We first reported the recruitment of Fas/CD95 receptor in lipid rafts as a new way to regulate apoptosis in cancer cells, thus identifying lipid rafts as a novel therapeutic target. This finding opened a new therapeutic approach in cancer treatment, and we are devoted to uncover the role of lipid rafts in regulating cell death and survival. We have coined the term CASMER, as an acronym for “cluster of apoptotic signaling molecule-enriched rafts”, to refer to the recruitment of death receptors together with downstream apoptotic signaling molecules in aggregated rafts, thus leading to a raft-based supramolecular entity playing a major role in apoptosis regulation. We are mainly involved in the study of the mechanism of action of APLs as anticancer drugs against both hematological and solid tumors, especially the ether phospholipid edelfosine, which is considered as the first lipid raft-targeted drug. Furthermore, major interests in our lab also include the search for new drugs and therapeutic targets in pancreatic cancer, as well as the elucidation of the role of cancer stem cells in pancreatic cancer, and other additional gastrointestinal cancers, as a major target in cancer therapy.
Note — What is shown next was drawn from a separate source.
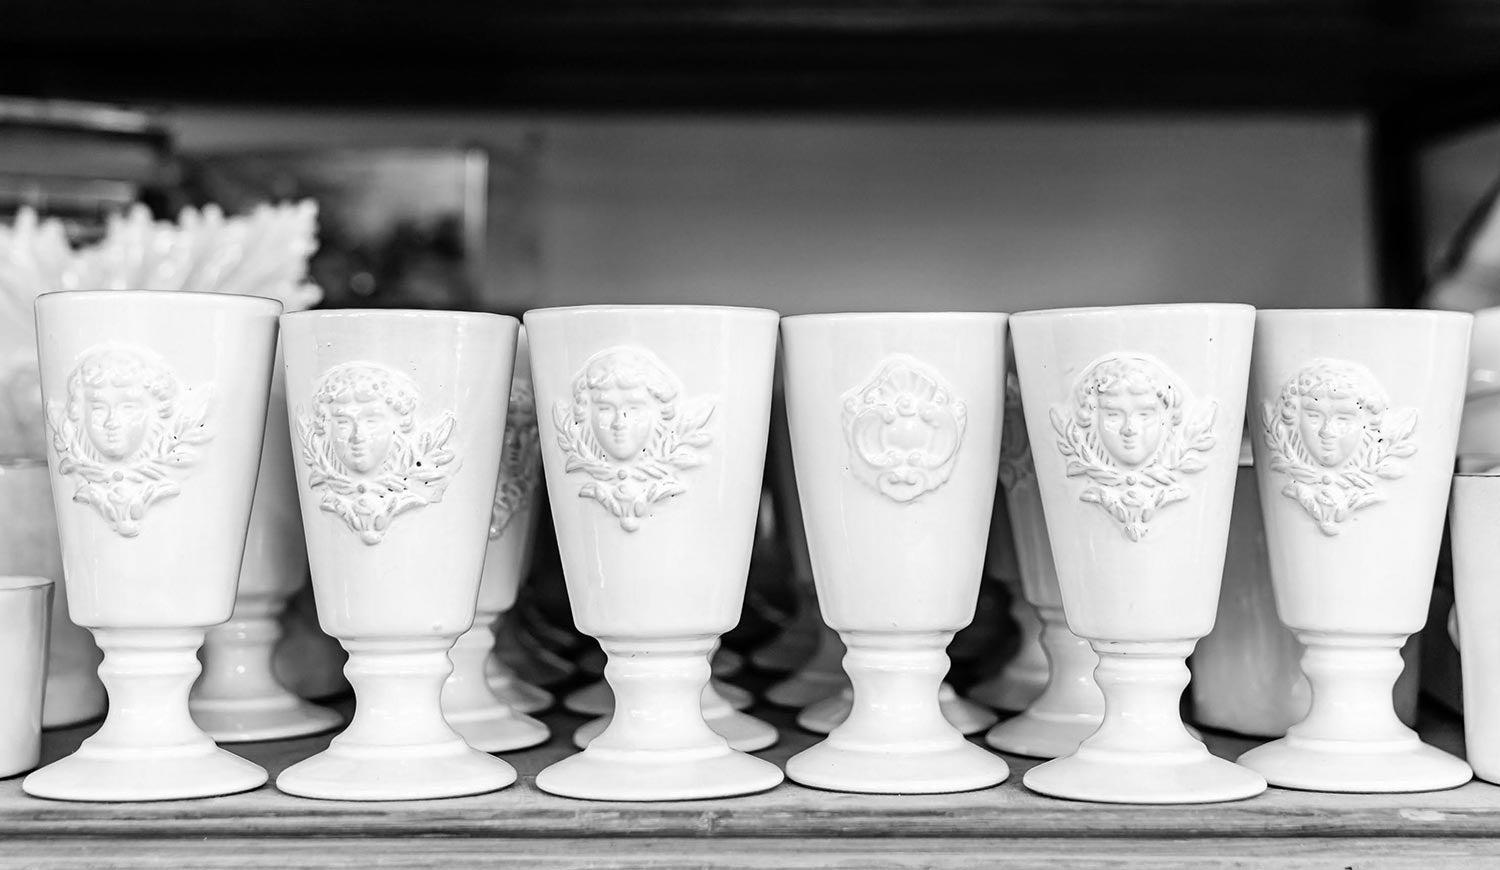 Ceramic Vases handmade by Mathilde Carron-Astier de Villatte

In addition, we are studying neutrophil development to understand how a proapoptotic phenotype is generated. We are also analyzing new pro-cell death routes in additional biological systems, including yeast and C. elegans, which in turn are being used as model organisms to uncover the mechanism of action of APLs. Overall, our major focus is the identification of novel targets, and the design of new therapeutic agents and approaches, to eventually induce the onset of cell death in tumor cells as an apoptosis- or cell death-targeted therapy in cancer. Particular emphasis is placed on the role of subcellular structures, including lipid raft membrane domains, endoplasmic reticulum and mitochondria, as major targets for cancer therapy and in the mechanism of action of APLs. In addition, we are analyzing how APLs can promote distinct types of cell death in different cancer cells, and trying to understand the triggers and signaling cross-talk controlling cell death commitment. As a result of the ability of edelfosine to promote cell death in different biological systems, we are also studying the underlying mechanisms involved in the antiparasitic action of this ether lipid.
– Characterization and role of membrane rafts in apoptosis induction and cancer chemotherapy.
– Functional relationship between membrane rafts and subcellular structures affecting cell fate.
– Lipid metabolism in cancer cell development and therapy.
– Search for novel anticancer drugs targeting cell death in tumor cells.
– Mechanism of action of antitumor ether lipids (also known as alkylphospholipid analogs, APLs) as pro-cell death agents against cancer cells. Identification of distinct types of cell death induced by APLs.
- Analysis of cell death in cancer stem cells and cancer stem cell targeting in cancer therapy.
– Role and mechanisms of action of antitumor APLs as drugs for additional biomedical applications (inflammatory diseases, leishmaniasis, additional parasitic diseases).
– Inflammation and cancer relationship.
– Role of neutrophils and arginase in cancer.
– Neutrophils as a model system for the search of new therapeutic targets in cancer.
– Targeting of cancer stem cells.
– Use of additional biological systems (yeast, Caenorhabditis elegans) to uncover new signaling routes regulating cell death and to study the mechanisms of action of APLs and additional anticancer drugs.